What is needed: Give the listing again word for word, excluding the pictures it contains.

Recorded data:
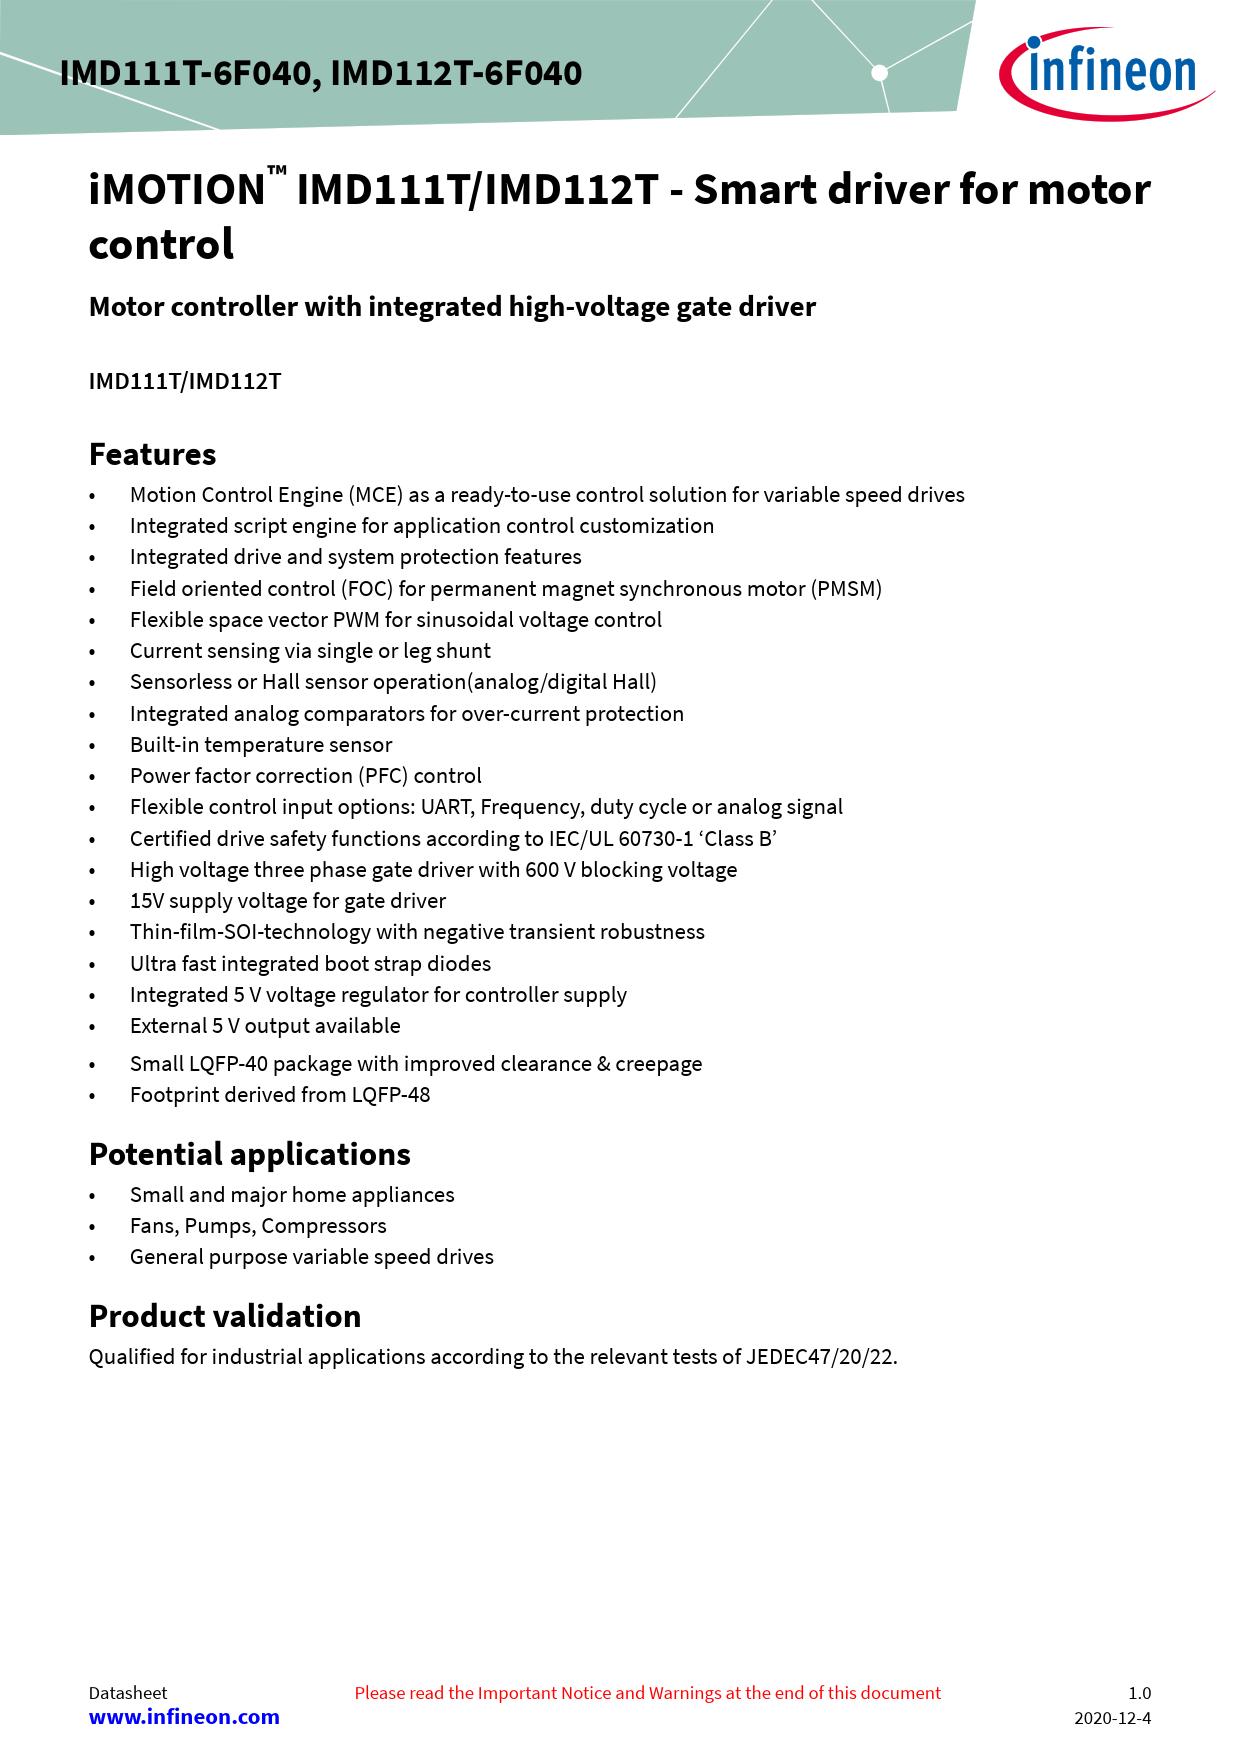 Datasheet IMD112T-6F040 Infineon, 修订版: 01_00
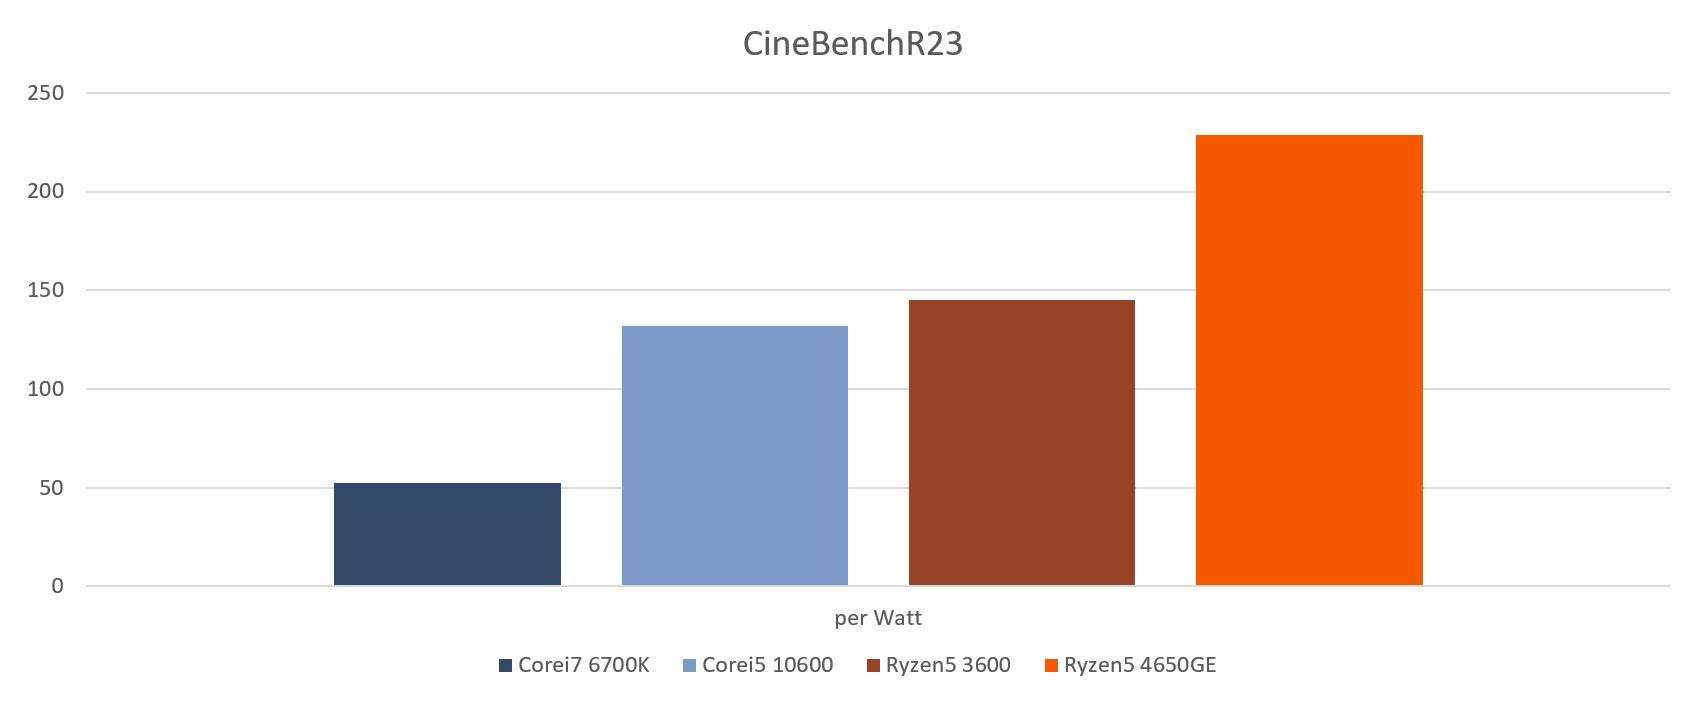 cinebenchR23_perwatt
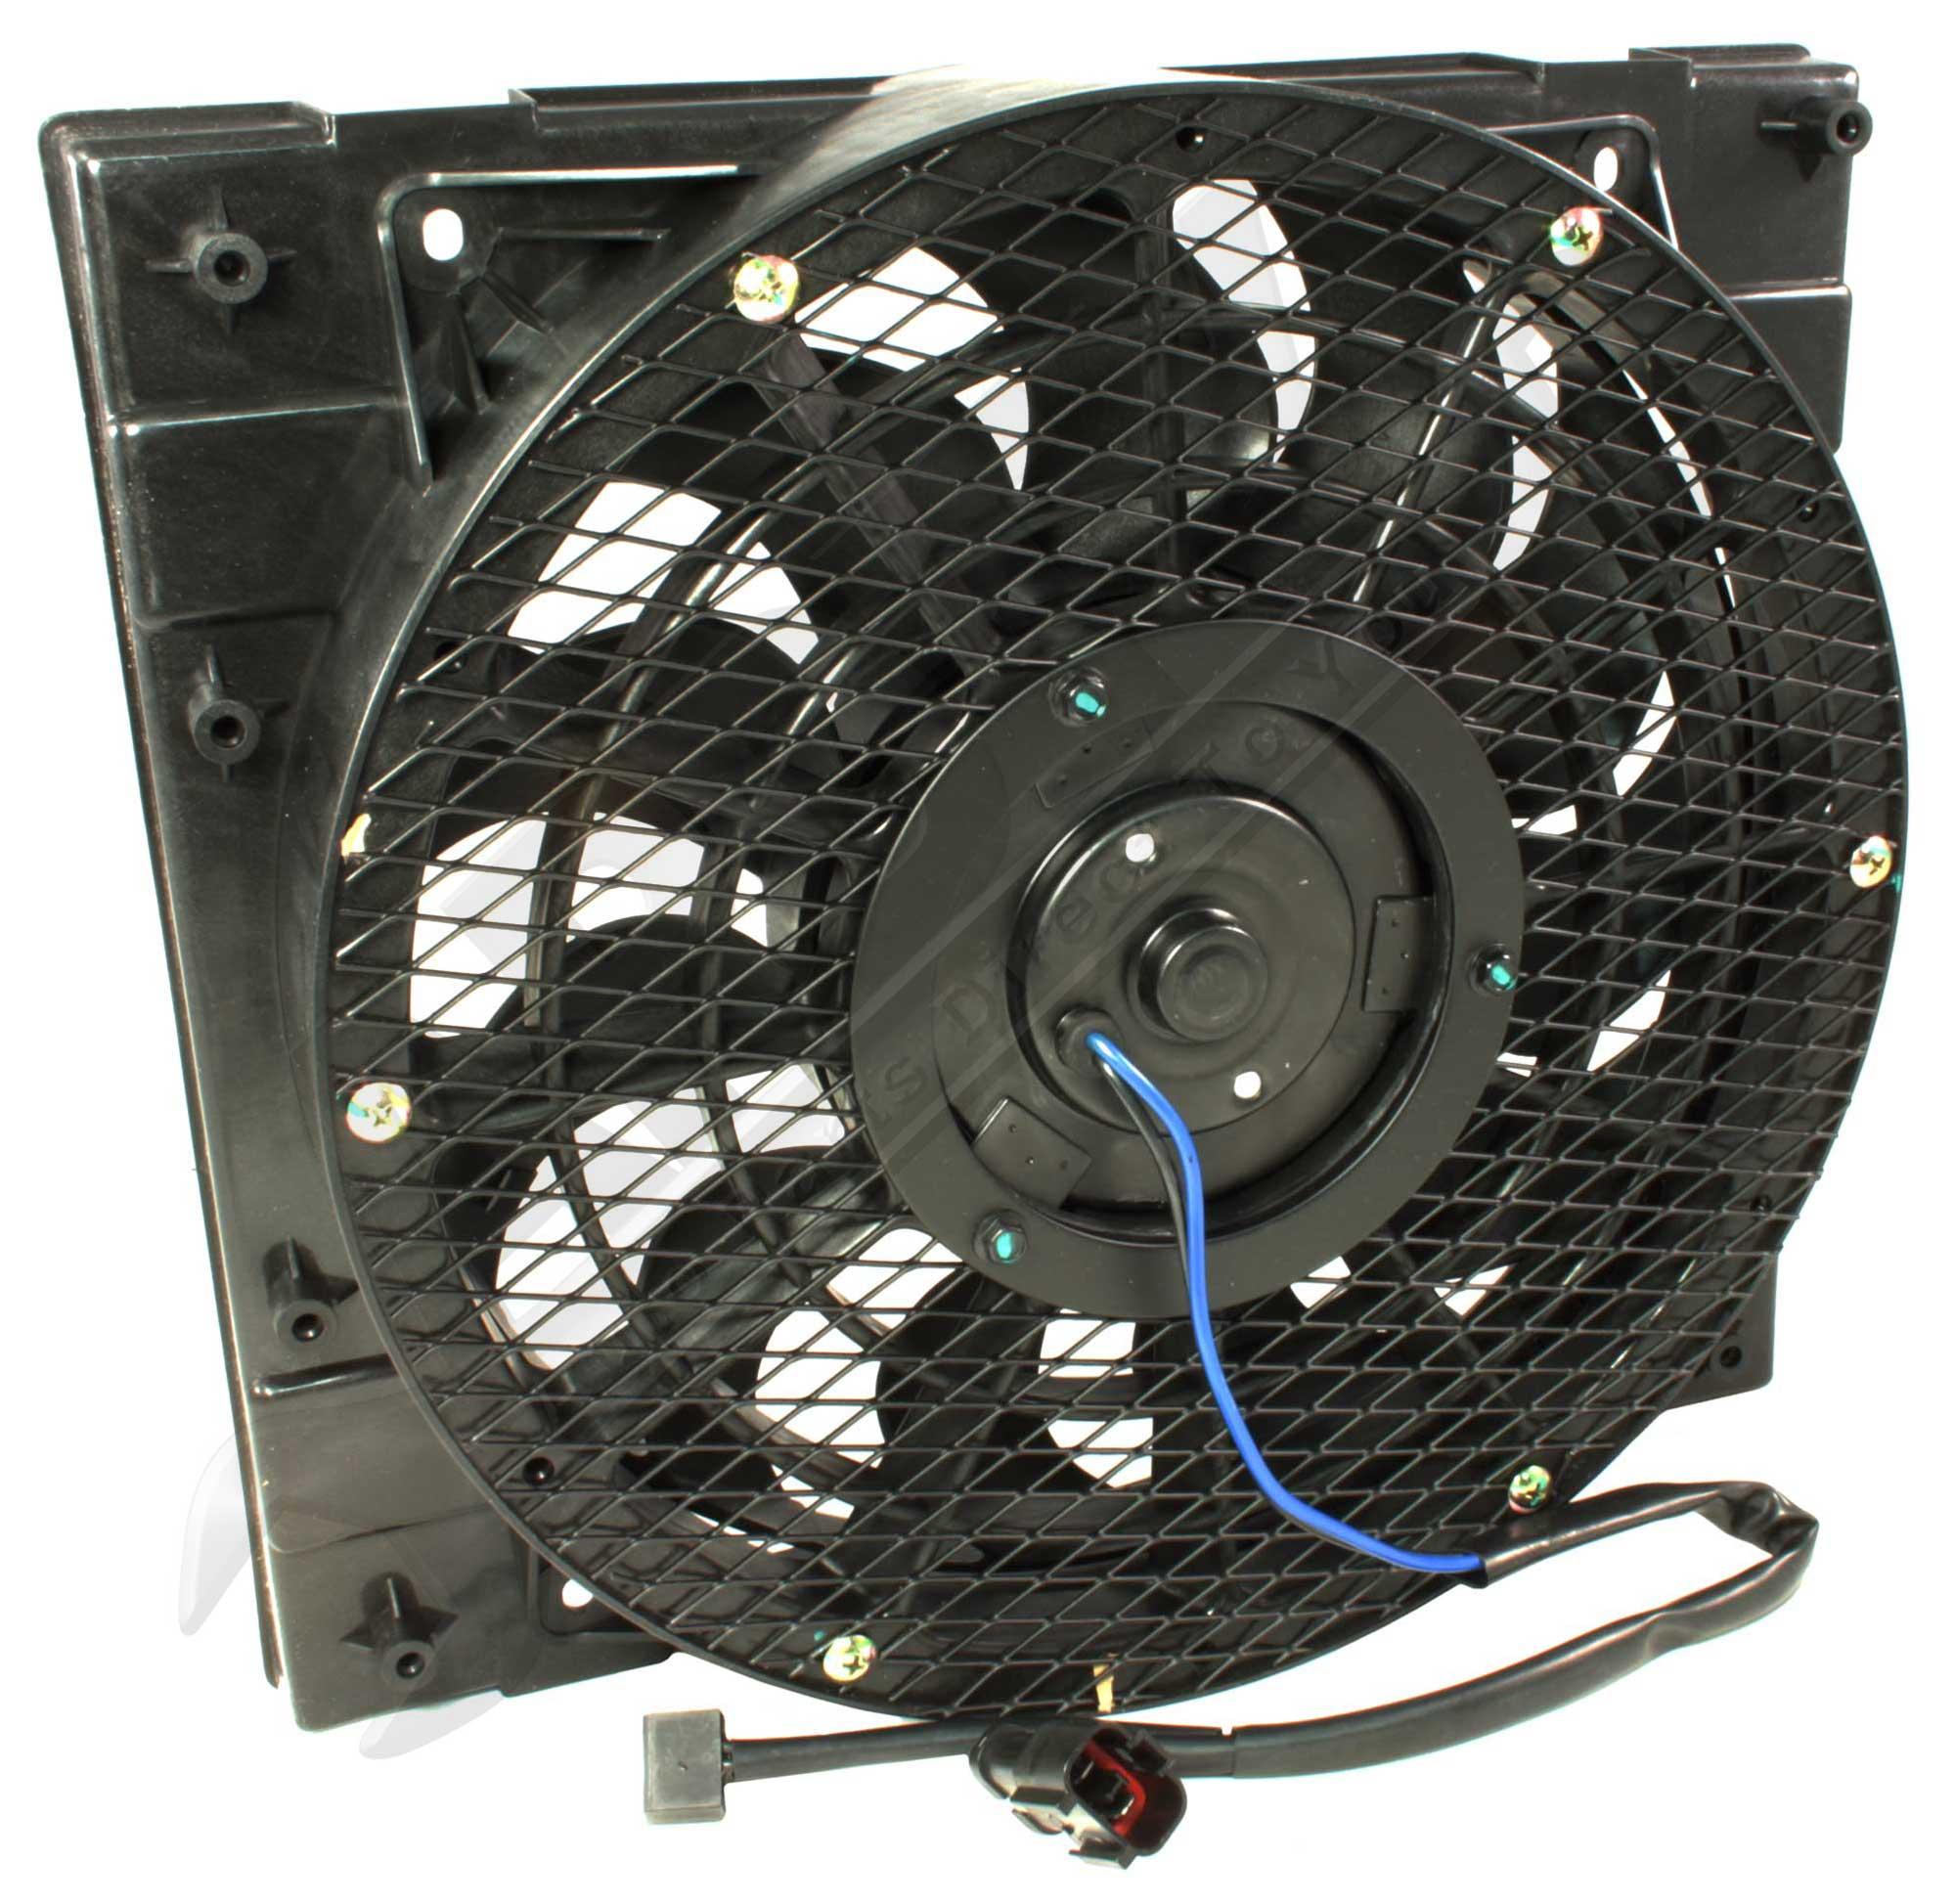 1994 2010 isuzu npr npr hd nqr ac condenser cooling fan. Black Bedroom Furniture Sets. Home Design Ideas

Exercise answer:
 Datasheet IMD112T-6F040 Infineon, 修订版: 01_00
 cinebenchR23_perwatt
 1994 2010 isuzu npr npr hd nqr ac condenser cooling fan. Black Bedroom Furniture Sets. Home Design Ideas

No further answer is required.